§ Task to carry out
With the pictures left out, reproduce exactly the lines running from the line with "Gucci Dionysus Leather Chain Clutch" to the last line of the material below.

§ Data extract
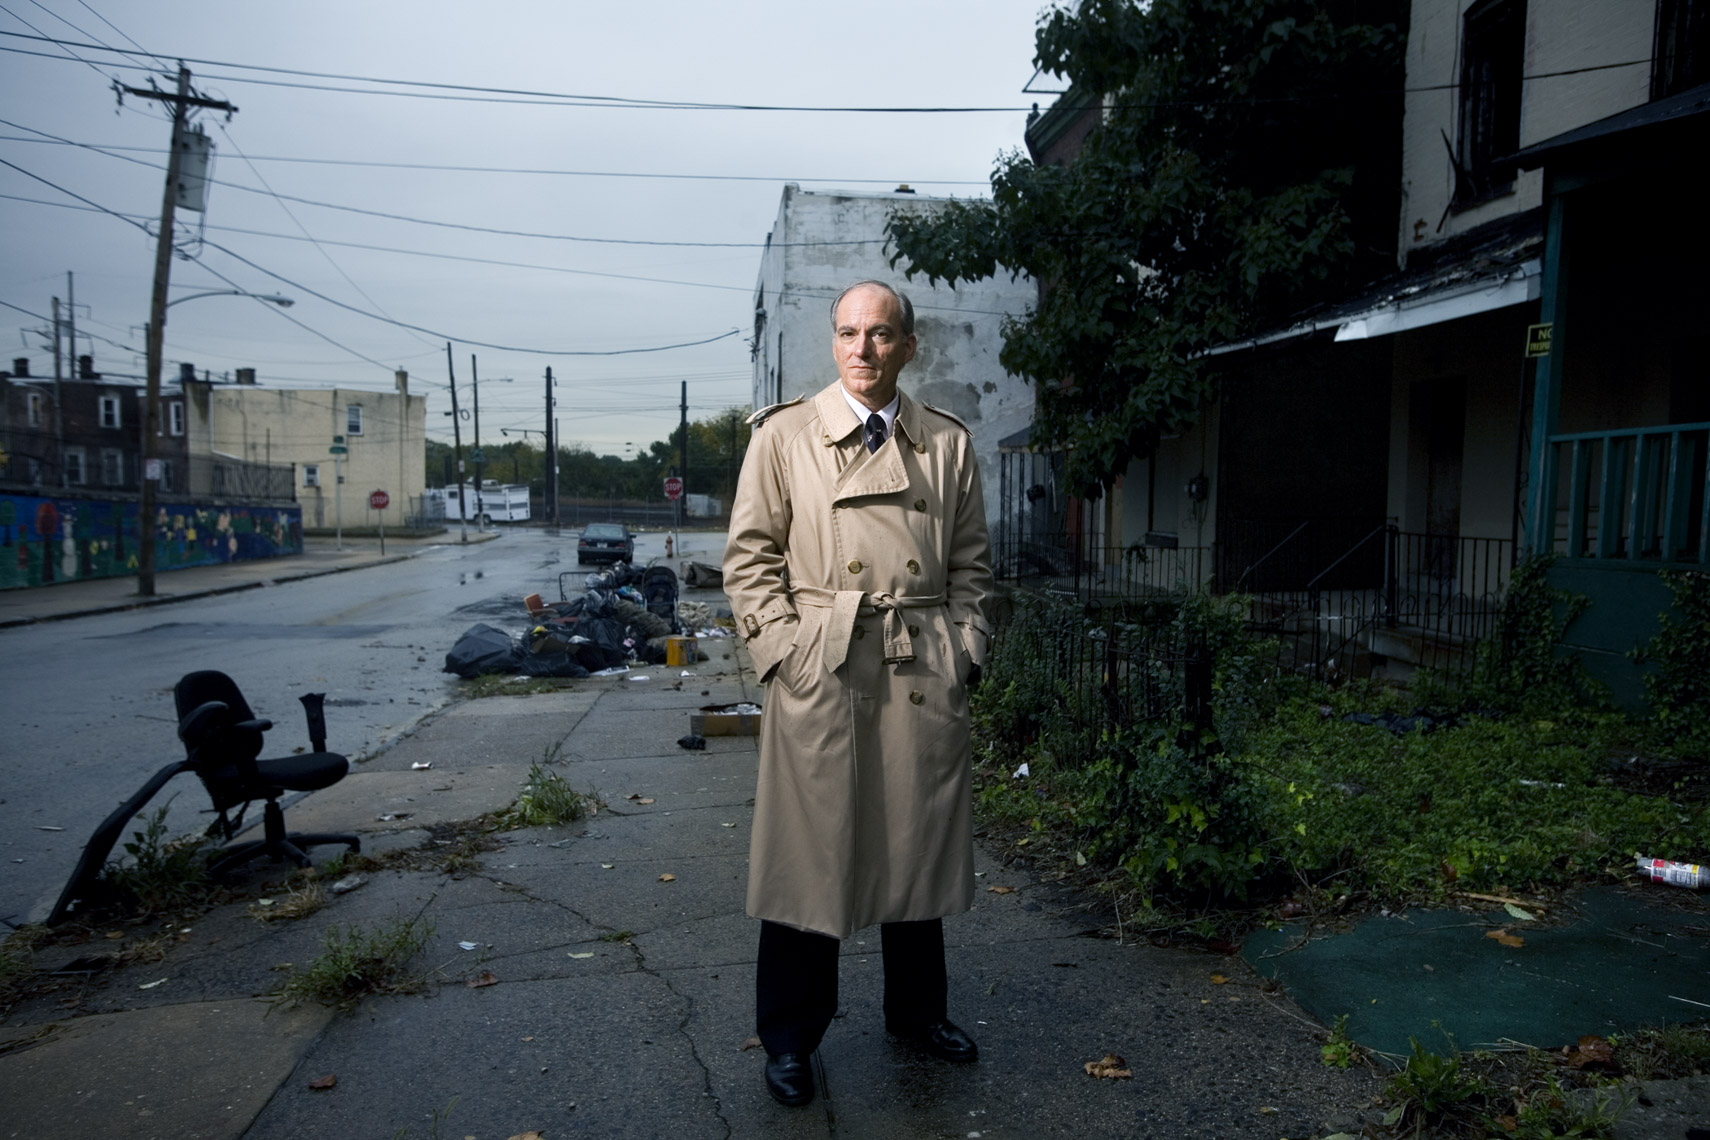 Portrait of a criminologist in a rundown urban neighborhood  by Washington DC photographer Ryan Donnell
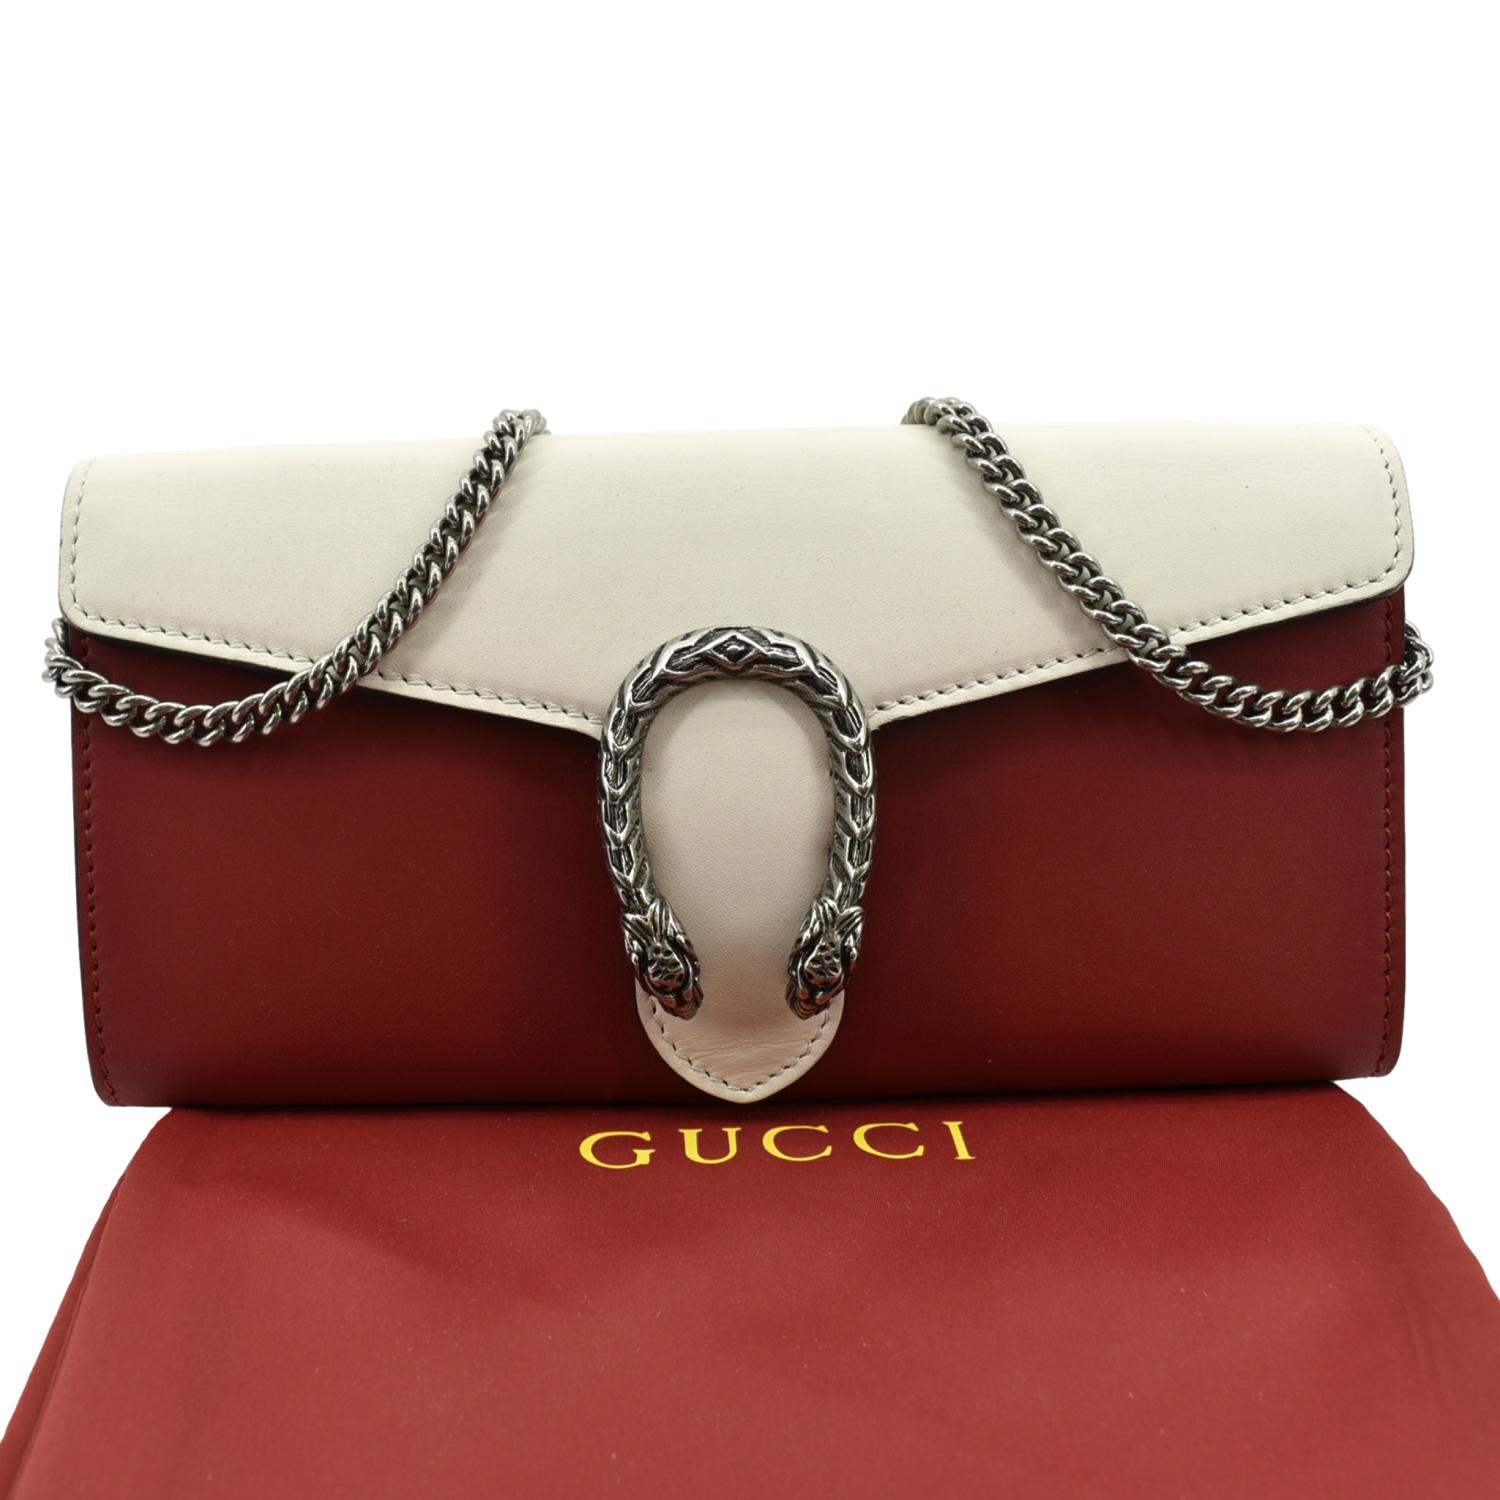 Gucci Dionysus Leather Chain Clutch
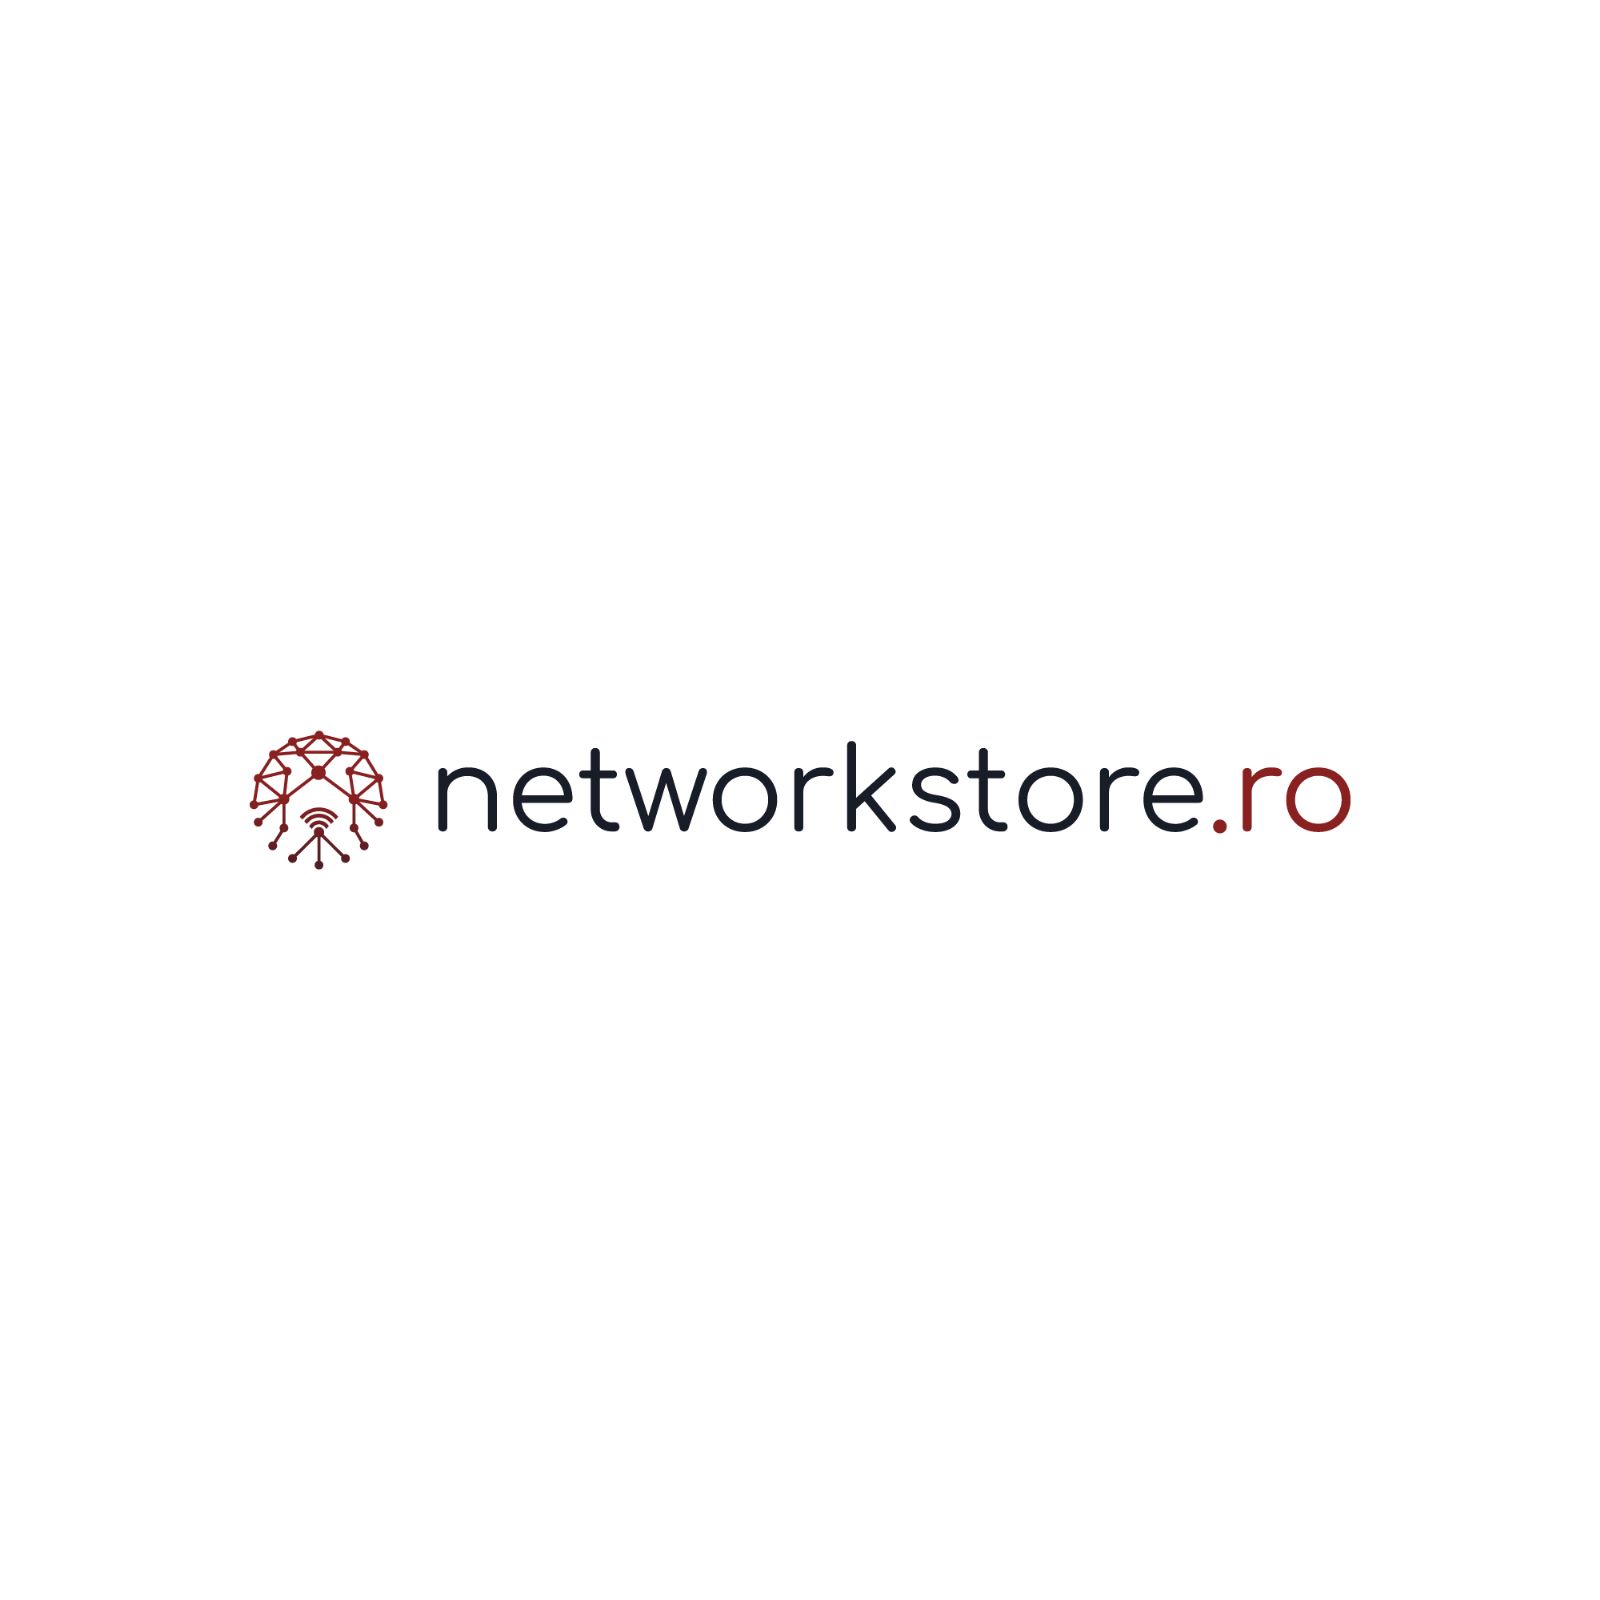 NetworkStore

§ Output below
 Gucci Dionysus Leather Chain Clutch
 NetworkStore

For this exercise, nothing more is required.